MATERIAL PROVIDED:
══════════

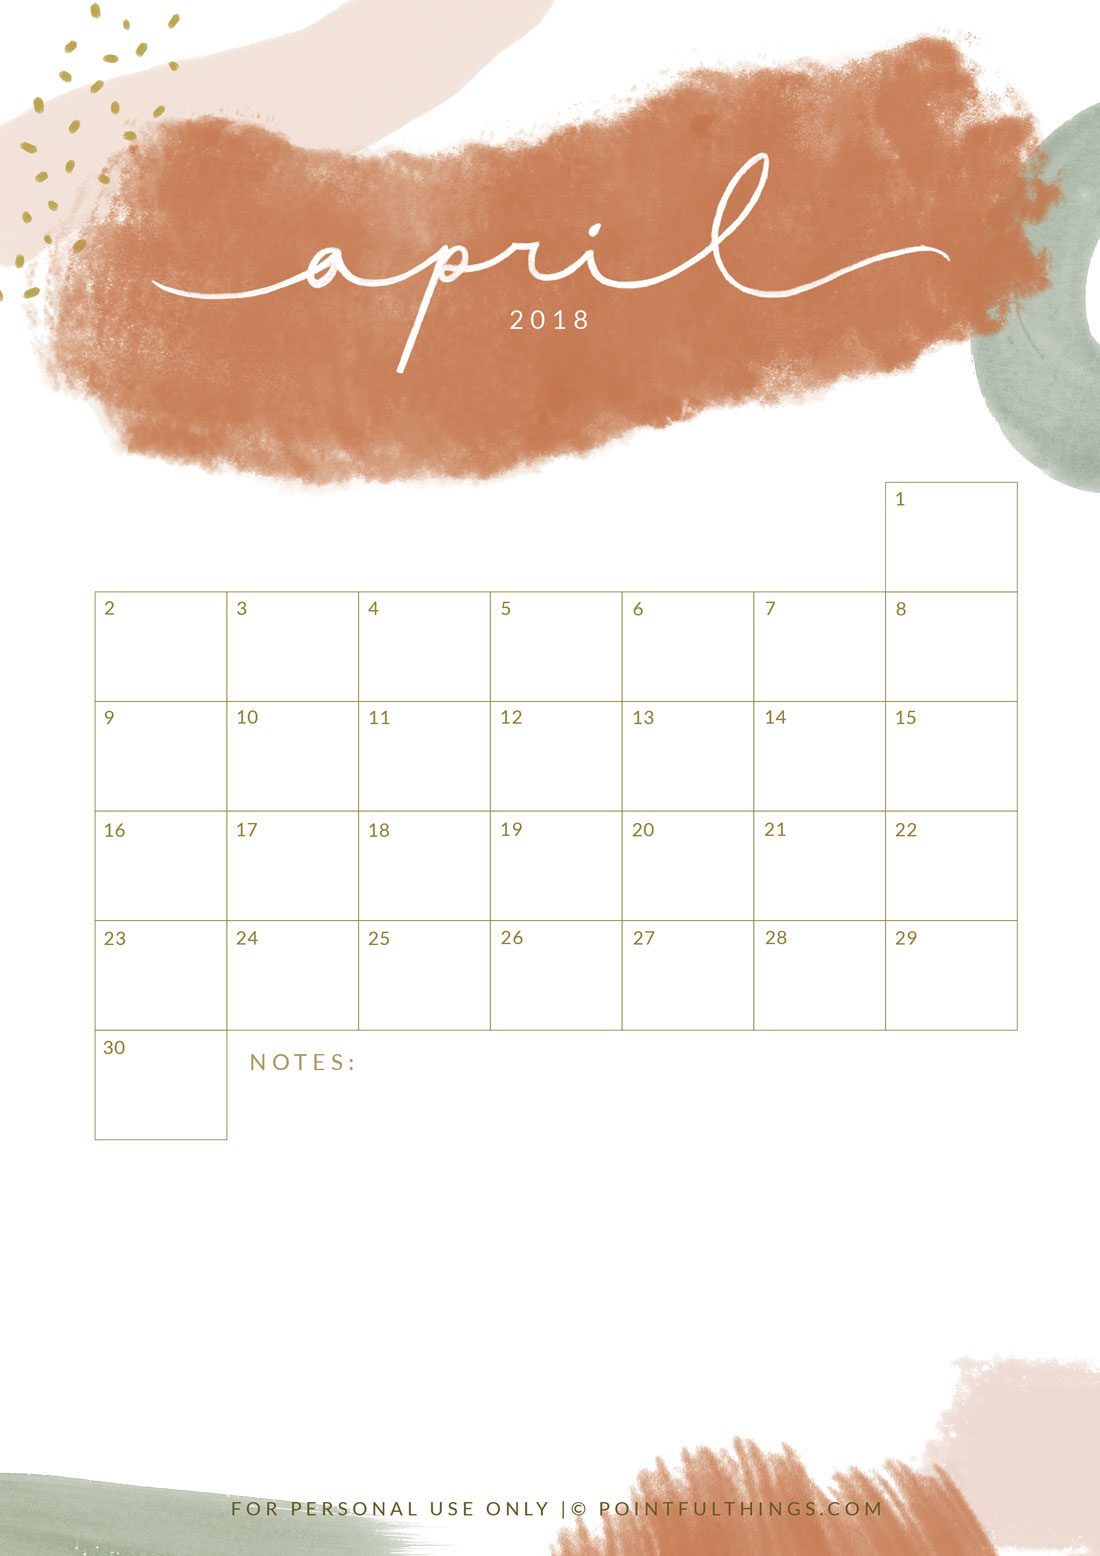 Printable | Kalender 2018 - Pointful Things
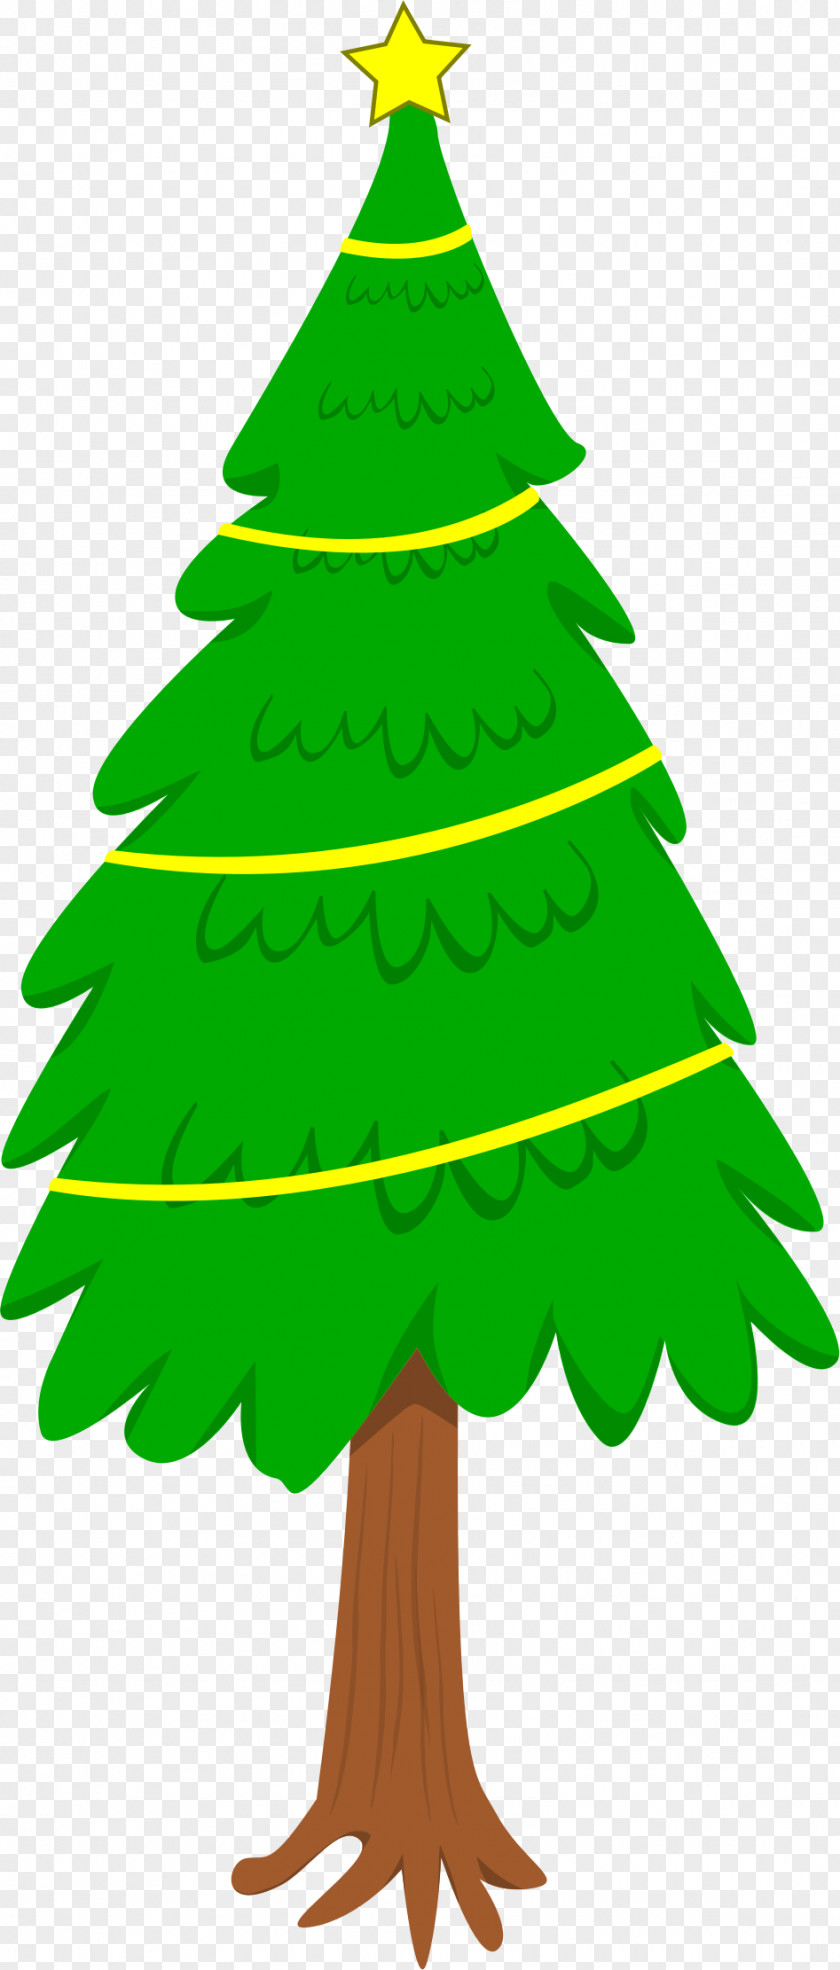 Fir-tree Christmas Tree Ornament Clip Art PNG
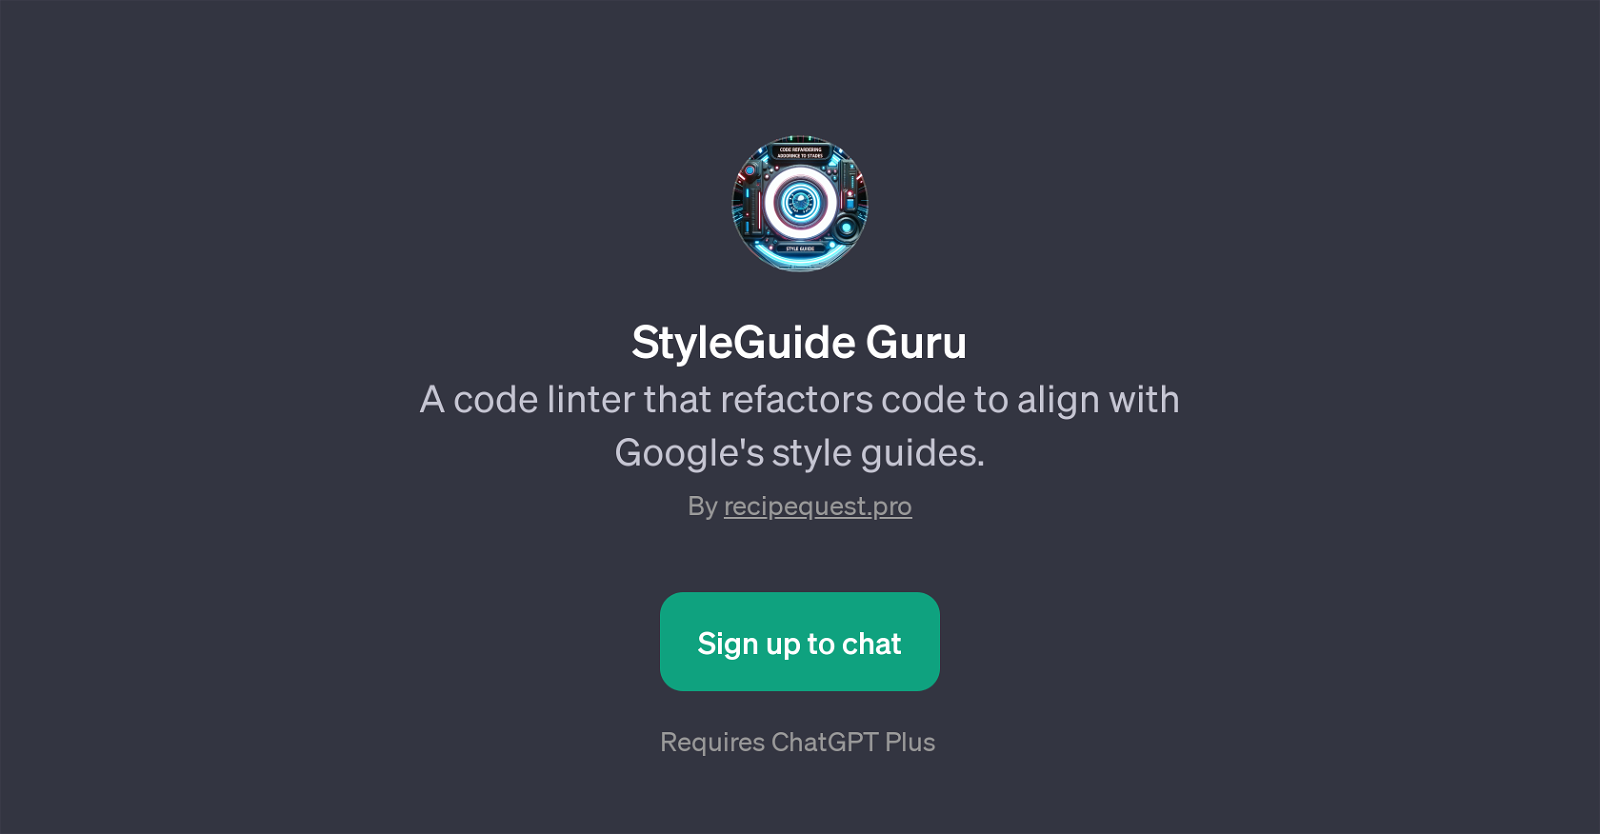 StyleGuide Guru website

══════════

WHAT THE TASK REQUIRES: Copy every line of the data word for word, omitting the images.

SOLUTION:
 Printable | Kalender 2018 - Pointful Things
 Fir-tree Christmas Tree Ornament Clip Art PNG
 StyleGuide Guru website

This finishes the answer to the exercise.